Since $\Tr[(\powh{\rho})^2]=1$, we get that  
\begin{align*}
    \Tr[(\rho^{\sfrac{1}{4}} \Phi(\sigma) \rho^{\sfrac{1}{4}})^2] = \Tr[(\rho^{\sfrac{1}{4}} \Phi(\sigma) \rho^{\sfrac{1}{4}})^2] \Tr[(\powh{\rho})^2] 
    \geq \Tr[(\rho^{\sfrac{1}{4}} \Phi(\sigma) \rho^{\sfrac{1}{4}})\powh{\rho}]^2 = \innerprod{\rho}{\Phi(\sigma)}^2
\end{align*}
where the inequality follows by Cauchy-Schwarz. Moreover, if equality holds then $\rho^{\sfrac{1}{4}} \Phi(\sigma) \rho^{\sfrac{1}{4}} = c\powh{\rho}$ for some scalar $c$. Consequently,  $\powh{\rho} \Phi(\sigma) \powh{\rho} = \rho^{\sfrac{1}{4}} (\rho^{\sfrac{1}{4}} \Phi(\sigma) \rho^{\sfrac{1}{4}}) \rho^{\sfrac{1}{4}} = c \rho$, and so $\new{\rho} = \frac{c}{\innerprod{\rho}{\Phi(\sigma)}} \rho = \rho$ (since $\Tr[\new{\rho}] = 1$).
Putting everything together we get that $\innerprod{\new{\rho}}{\Phi(\sigma)} \geq \innerprod{\rho}{\Phi(\sigma)}$ with equality if and only if $\new{\rho} = \rho$. Similarly, $\innerprod{\rho}{\Phi(\sigma)}$ is also strictly increasing under the $\sigma$-update unless $\new{\sigma} = \sigma$.
\end{proof}



As a consequence of Theorem \ref{thm:nondecreasingutilitydiscrete},  either agent could individually perform an update at any given  time and increase the common utility, allowing  \ref{eqn:_DQREP} to be viewed  a {\em decentralized} dynamic where the agents do not need to coordinate 
the order in which they perform  updates. 
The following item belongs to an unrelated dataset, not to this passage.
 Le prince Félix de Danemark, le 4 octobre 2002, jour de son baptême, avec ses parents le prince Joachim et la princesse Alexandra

Next, we   obtain a result about convergence to fixed points for \ref{eqn:_DQREP} similarly to   \ref{eqn:_QREP}. 

\begin{corollary}
\label{thm:_hofsigUpdatesAlternating_limitpoints_ClosedConnectedFixedPts}
    The set of limit points of an orbit $\{\big(\rho(t),\sigma(t)\big)\}_{t\in \mathbb{N}}$ of  \ref{eqn:_DQREP}  is a compact, connected set of fixed points.
\end{corollary}


The proof of this result follows directly from an extension of the fundamental convergence theorem by \cite{losert1983dynamics} to general compact sets (see
Theorem~\ref{thm:_LimitSetCompactConnected_DiscreteTime}).
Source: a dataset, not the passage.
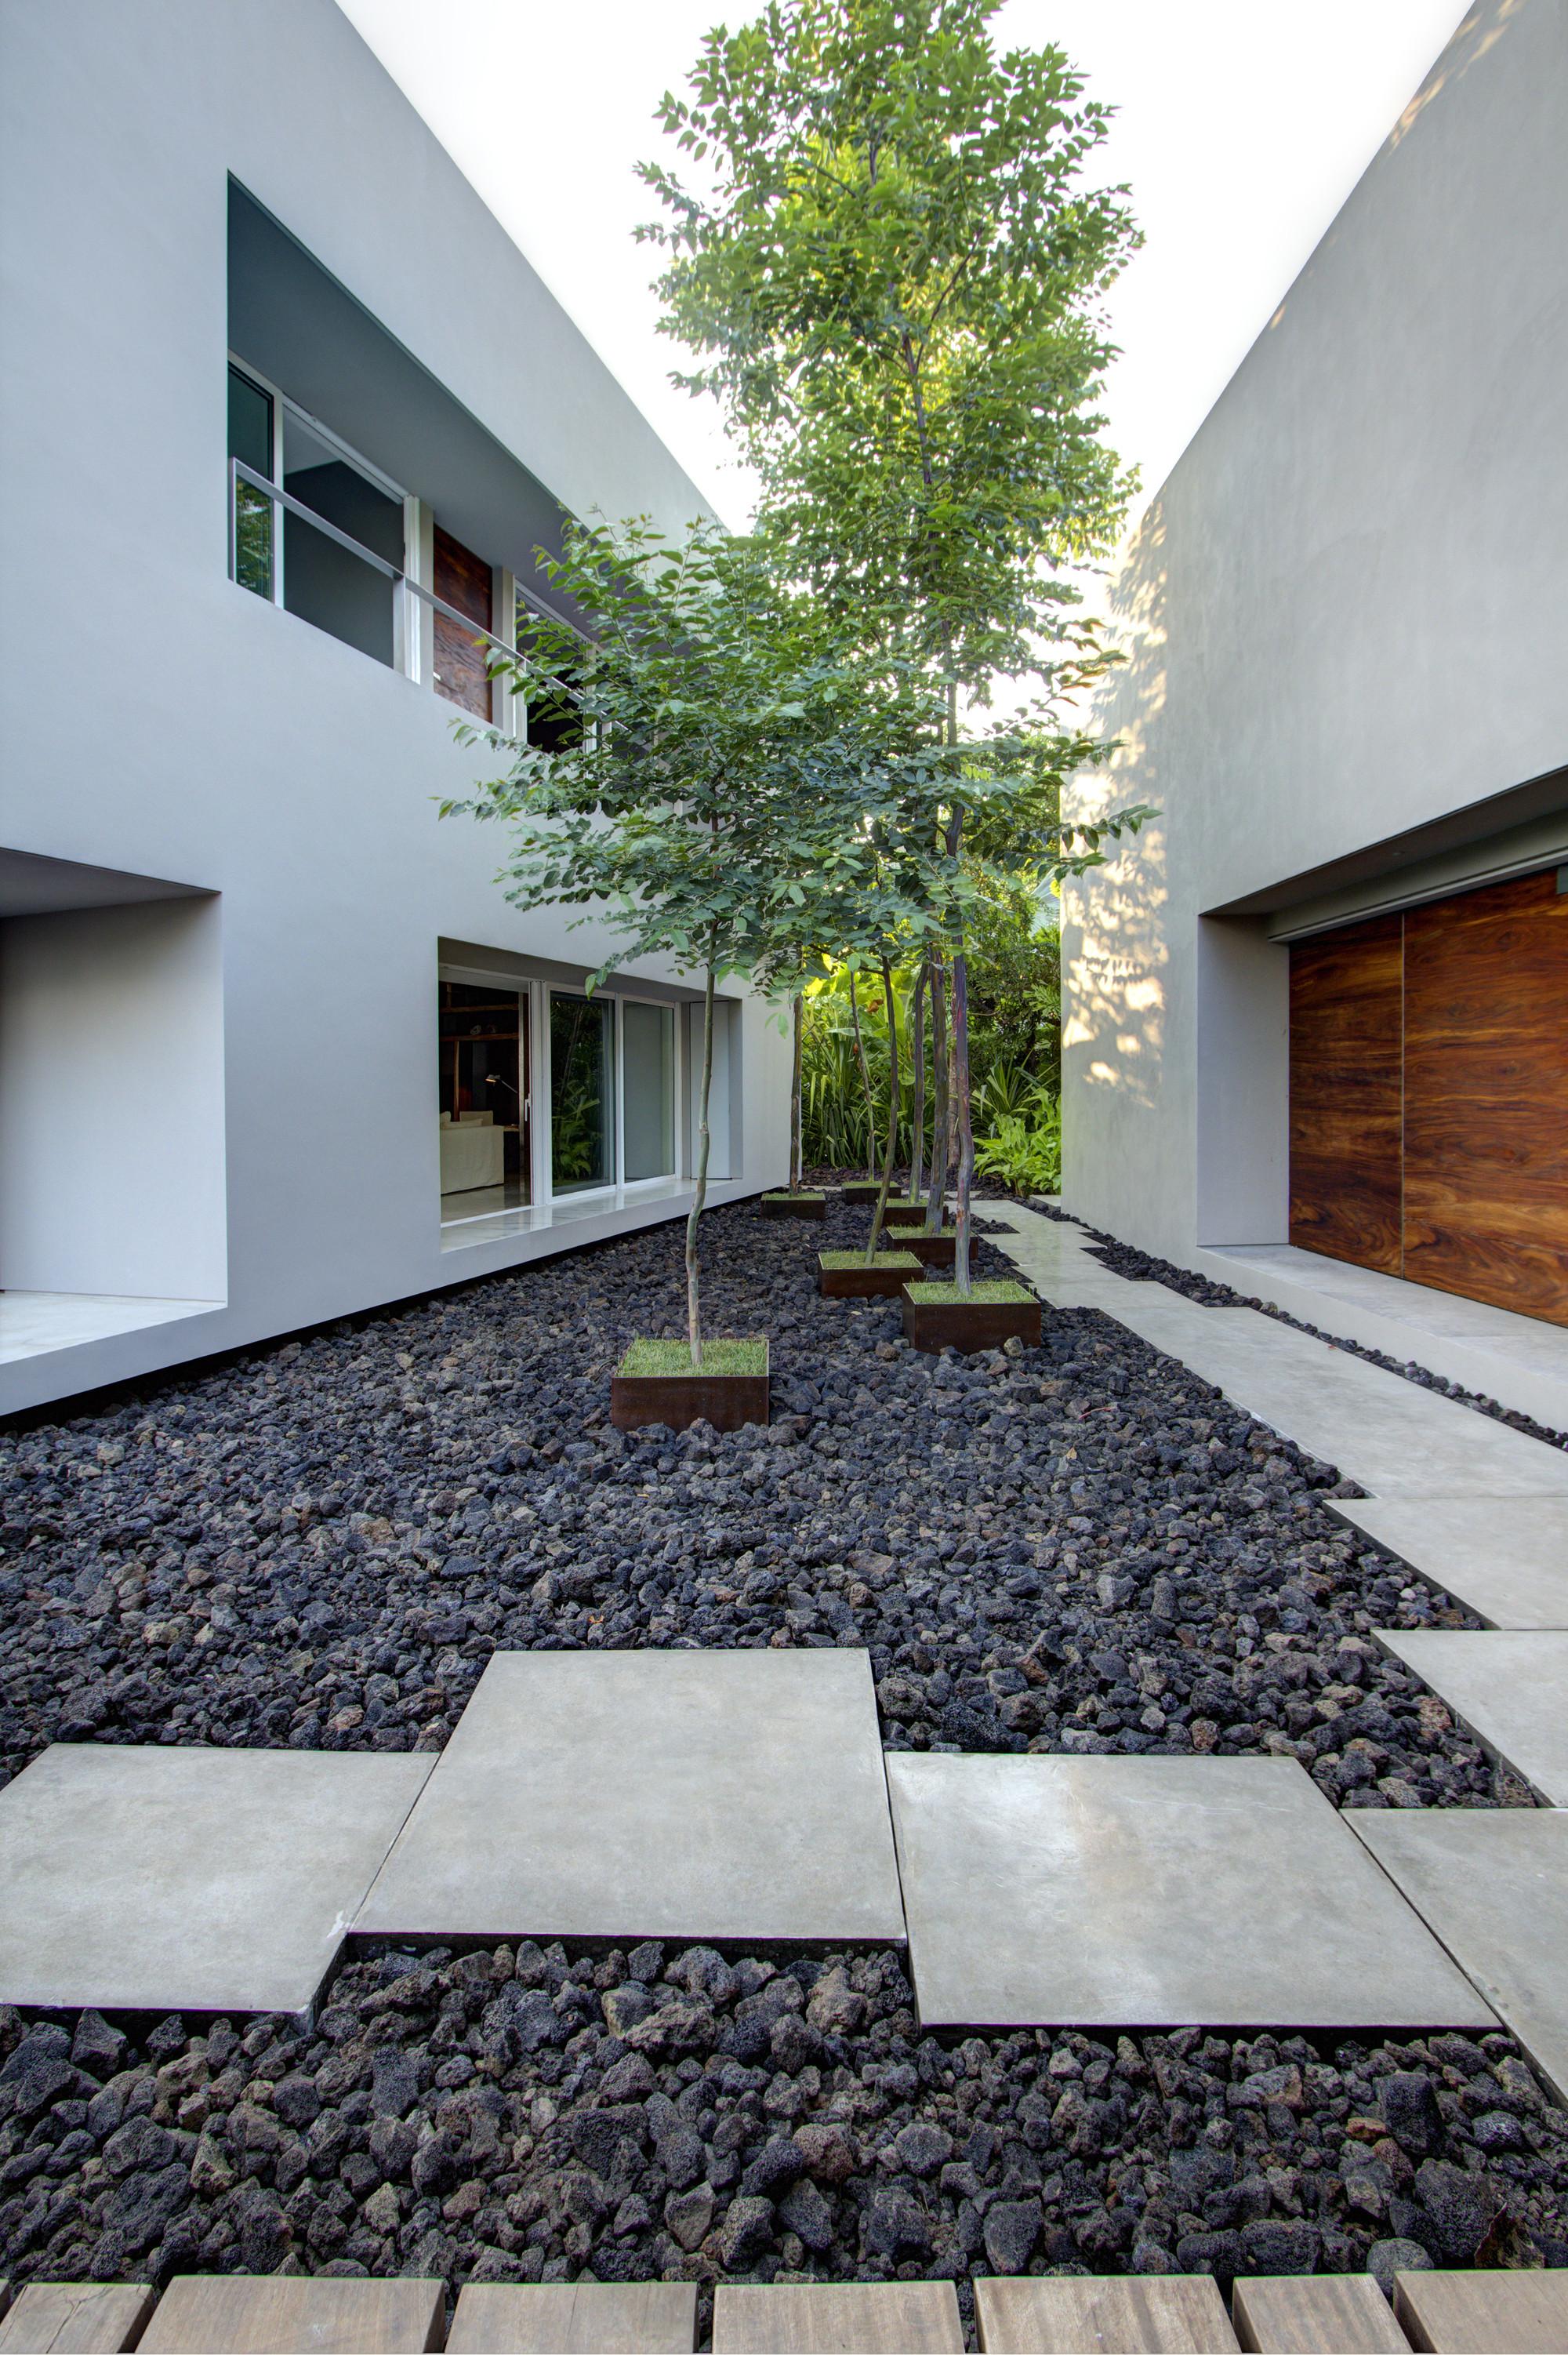 Gallery of casa la punta el as rizo arquitectos 4 for Decoration jardin cailloux blanc

Finally, we relate the fixed points of \ref{eqn:_DQREP}  with the fixed points of~\ref{eqn:_QREP}.


\begin{theorem}
\label{thm:_FixedPointsSame_ContTime_DiscreteTime}
    The set of fixed points of the discrete-time update rule \ref{eqn:_DQREP} is equal to the set of fixed points of the continuous-time gradient flow \ref{eqn:_QREP}.
\end{theorem}
The proof is deferred to Appendix~\ref{proof:fixedpoint}.
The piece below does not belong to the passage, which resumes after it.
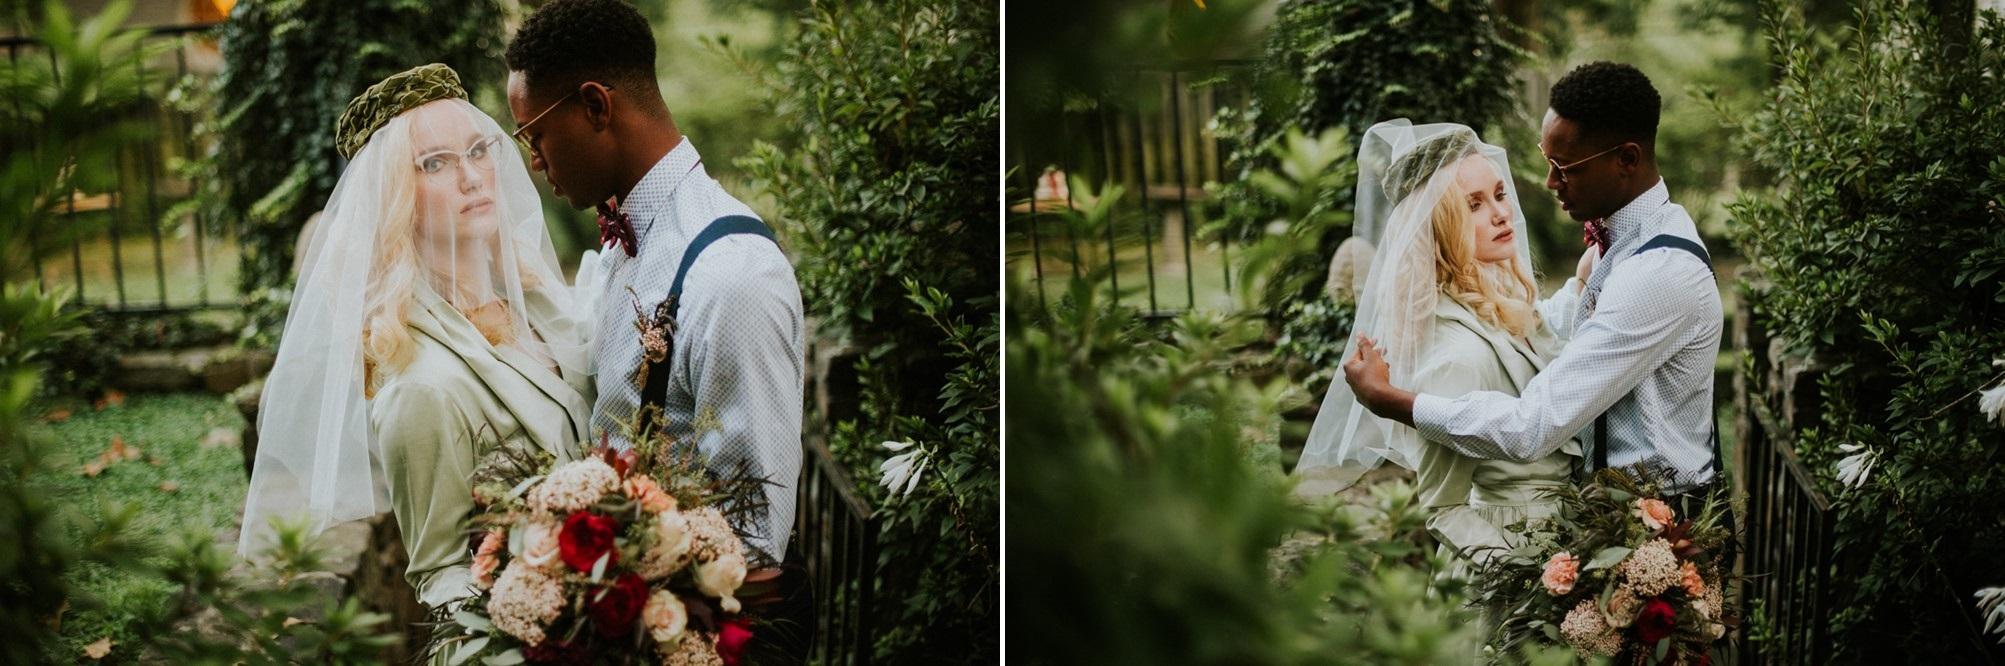 Retro Vintage Bride + Groom // Photography ~ Myranda Randle Photography

\section{Experiments}\label{sec:experiments}









\paragraph{\ref{eqn:_QREP} converges empirically to Nash equilibria.}

It is well known that natural learning dynamics converge to pure Nash equilibria in classical CIGs \cite{kleinberg2009multiplicative}. We experimentally test if a similar property holds for \ref{eqn:_QREP} by utilizing the concept of \emph{exploitability} \cite{johanson2011accelerating}, defined as $$\frac{1}{2}\left[\lambda_{\max} (\Phi(\sigma)) - \langle \rho, \Phi(\sigma)\rangle + \lambda_{\max} (\Phi^\dagger(\rho)) - \langle\Phi^\dagger(\rho), \sigma\rangle\right],$$
where $\lambda_{\max} (\Phi(\sigma))$ and $\lambda_{\max} (\Phi^\dagger(\rho))$ are the maximum eigenvalues of $\Phi(\sigma)$ and $\Phi^\dagger(\rho)$ respectively. Using the variational characterization of eigenvalues,
$$\lambda_{\max}(\Phi(\sigma))=\max\{\langle \rho', \Phi(\sigma)\rangle:\ \rho'\in \da\},$$
the difference $\lambda_{\max} (\Phi(\sigma)) - \langle \rho, \Phi(\sigma)\rangle $ is exactly the maximum gain the $\rho$-player can attain by unilaterally deviating from $(\rho,\sigma)$.
Thus, if a profile $(\rho, \sigma)$ is $\epsilon-$exploitable, then it is an $2\epsilon-$Nash equilibrium, in the sense that no player can unilaterally improve their payoff by $\geq 2\epsilon$. In Figure \ref{fig:exploit} we plot  the exploitability  of \ref{eqn:_QREP} in 100 randomly generated $\mathcal{H}_2 \otimes \mathcal{H}_2$ quantum CIG instances with uniform initialization, where $\mathcal{H}_n$ denotes an $n$-level quantum system. However, \ref{eqn:_DQREP} (the discretization of \ref{eqn:_QREP}) converges in some cases to states with positive exploitability.

\begin{figure}[!tb]
    \centering
    \begin{minipage}{.45\linewidth}
      \centering
      \includegraphics[width=.95\linewidth]{Images/exploit_cont300.png}
     \ref{eqn:_QREP}
   
    \end{minipage}
    \begin{minipage}{.45\linewidth}
      \centering
      \includegraphics[width=.95\linewidth]{Images/exploit_discrete300.png}
      \ref{eqn:_DQREP}
   
    \end{minipage}
    \caption{Exploitability of \ref{eqn:_QREP} and \ref{eqn:_DQREP}.}
    \label{fig:exploit}
\end{figure}



\paragraph{\ref{eqn:_DQREP} as an algorithm for the \ref{BSS} problem.}
In this section we evaluate the performance of  \ref{eqn:_DQREP} applied to 
the \ref{BSS} problem. 
The global optimum \texttt{OPT} of the \ref{BSS} problem for $\mathcal{H}_2 \otimes \mathcal{H}_2$ and $\mathcal{H}_2 \otimes \mathcal{H}_3$ systems can be obtained exactly by solving a semidefinite program (see Appendix \ref{appsecs:sdp} for a detailed explanation). We benchmark \ref{eqn:_DQREP} against this ground truth  optimal value.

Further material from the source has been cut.